A methodological extension of the classic normalised cumulative loads analysis: combination of normalised cumulative loads and hydrograph separation for nutrient exports during precipitation events.

The analysis of nutrient dynamics during precipitation events using normalised cumulative loads (NCL) is a classic and frequently used method of water quality analysis. Normalised pollutographs combine the cumulative nutrient load and cumulative runoff of an event in one plot to better interpret the nutrient export dynamics of a catchment. Essentially, the strength of a first-flush event or an ongoing dilution can be quantified using NCL. However, different runoff generation processes may be superimposed, hampering process analysis. Thus, our approach combines the classical pollutograph with hydrograph separation using stable water isotopes. The pollutograph is set up for each of the separated runoff components (pre-event water and event water) and the export dynamics of the runoff components of the same event are compared with the dynamics of the total runoff via the calculated area under the curve.
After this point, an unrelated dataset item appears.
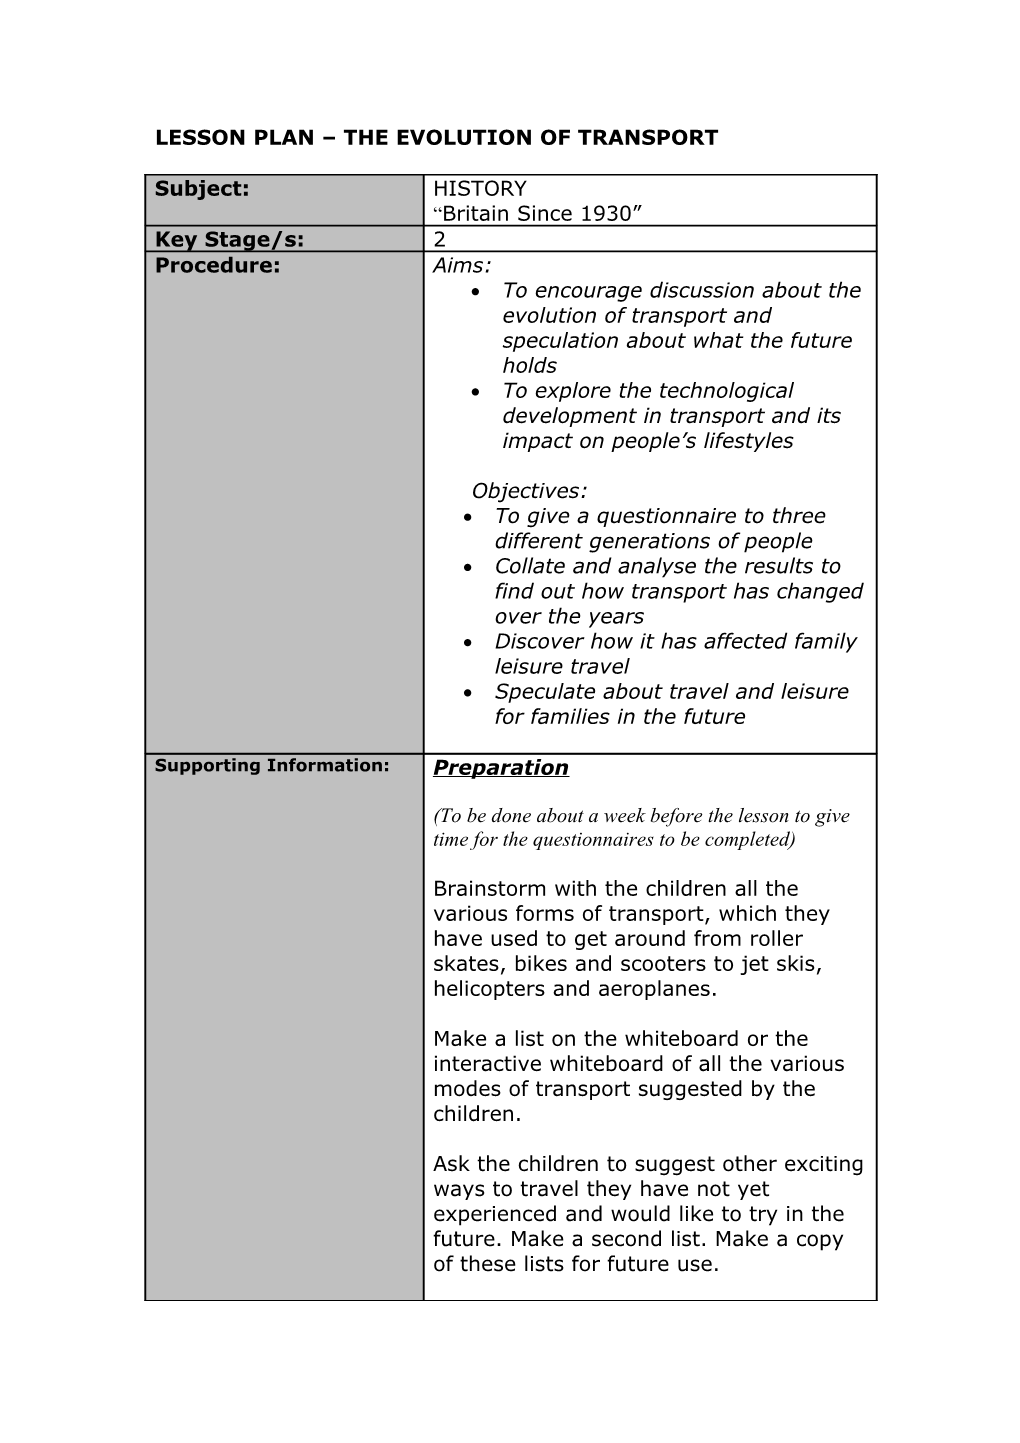 Lesson Plan Template s3

K-Means cluster analyses were used both to categorise the functional behaviour of the runoff components and to identify any changes in export dynamics between the runoff components.
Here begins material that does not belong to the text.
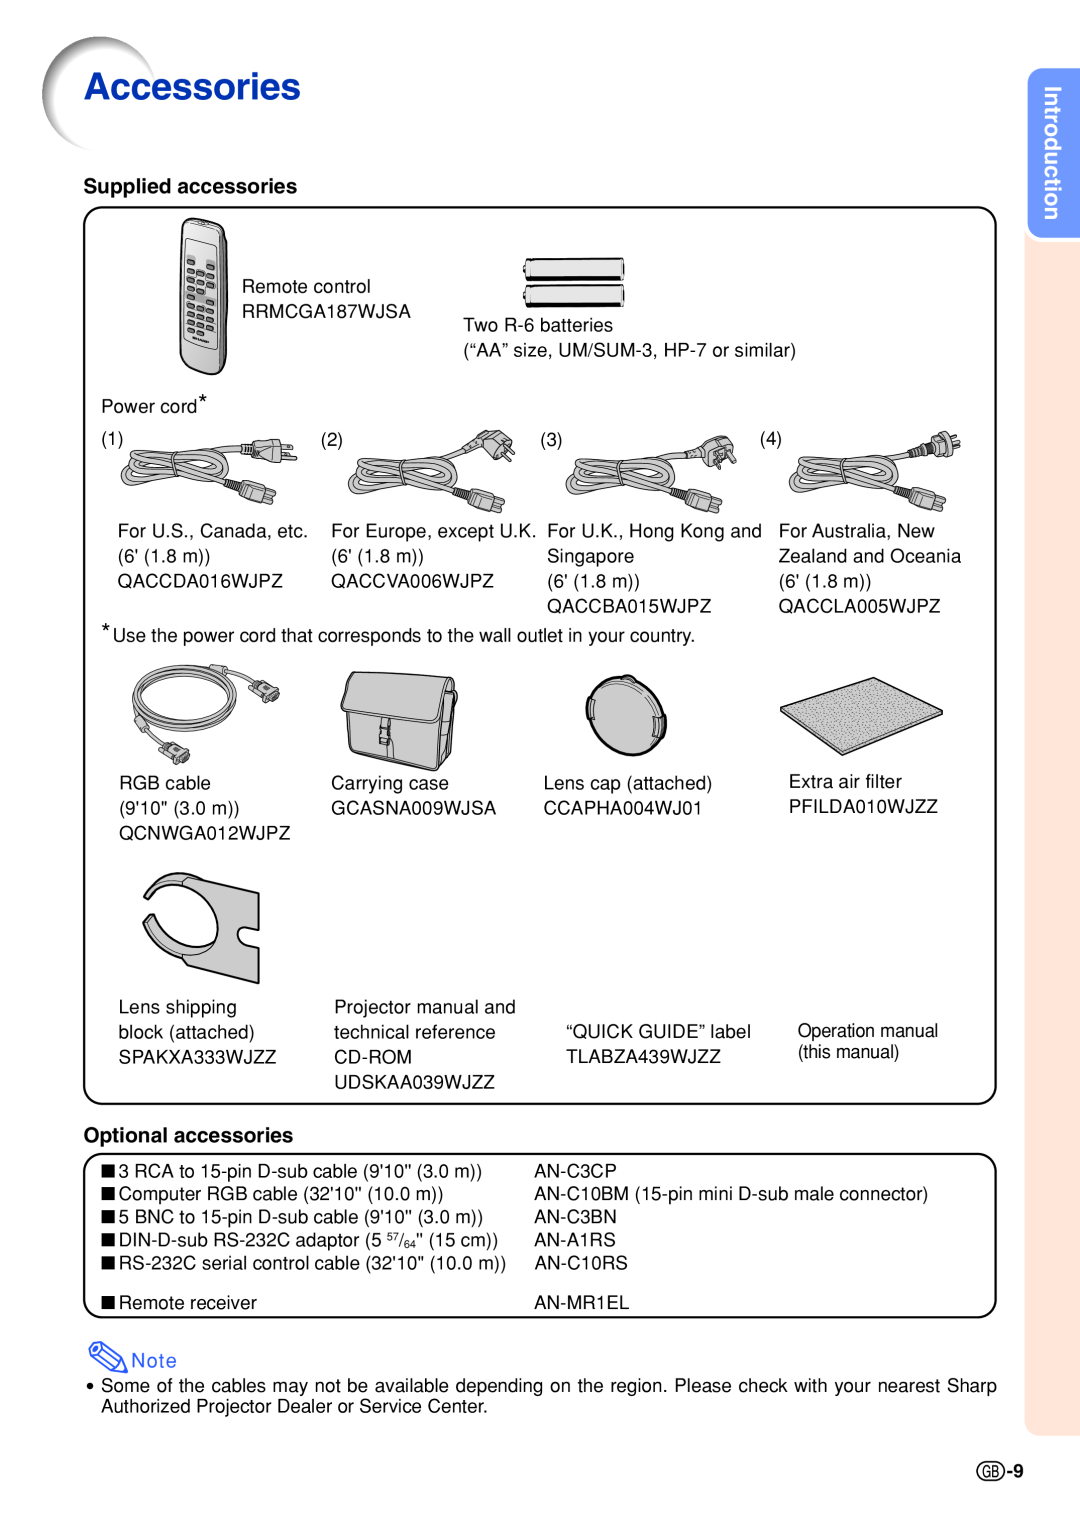 Sharp PG-B10S operation manual Accessories, Supplied accessories, Optional accessories, Introduction

This method was applied in the catchment area of the ‘Nesselbach’, which is located near Hofgeismar (district of Kassel) in the northern foothills of the West Hessian depression. The catchment area is primarily characterised by agricultural land use, which is accompanied by a small forest and a small settlement. All necessary climate parameters were recorded by a weather station located in the catchment. The sampling period extended from 1 February 2021 to 1 August 2022. Measurements of nitrate concentrations and runoff were recorded using high-resolution optical in situ probes (resolution: 5 min), supported by automatic samplers to collect phosphorus, major ions and isotope samples during 15 precipitation events (resolution: 15 min). All parameters were additionally calibrated by regular manual sampling with laboratory values.

Using the extended method, our results show clear differences in the export dynamics of phosphorus and nitrate, as well as unexpected results in the direct comparison of export dynamics between total runoff and event water. Phosphorus shows similar dynamics in the event water as in the total runoff (of the same event), with a tendency to more extreme values. For nitrate, on the other hand, the dynamics of nitrate export sometimes changed drastically; export dynamics tending towards dilution in the total runoff show wash-off tendencies in the event water and vice versa. The same approach was also used to investigate the export dynamics of the ions Na, Ca, SO₄, K, Mg and Cl, which served to increase the sample size of the analyses carried out and thus to confirm the robustness of the method.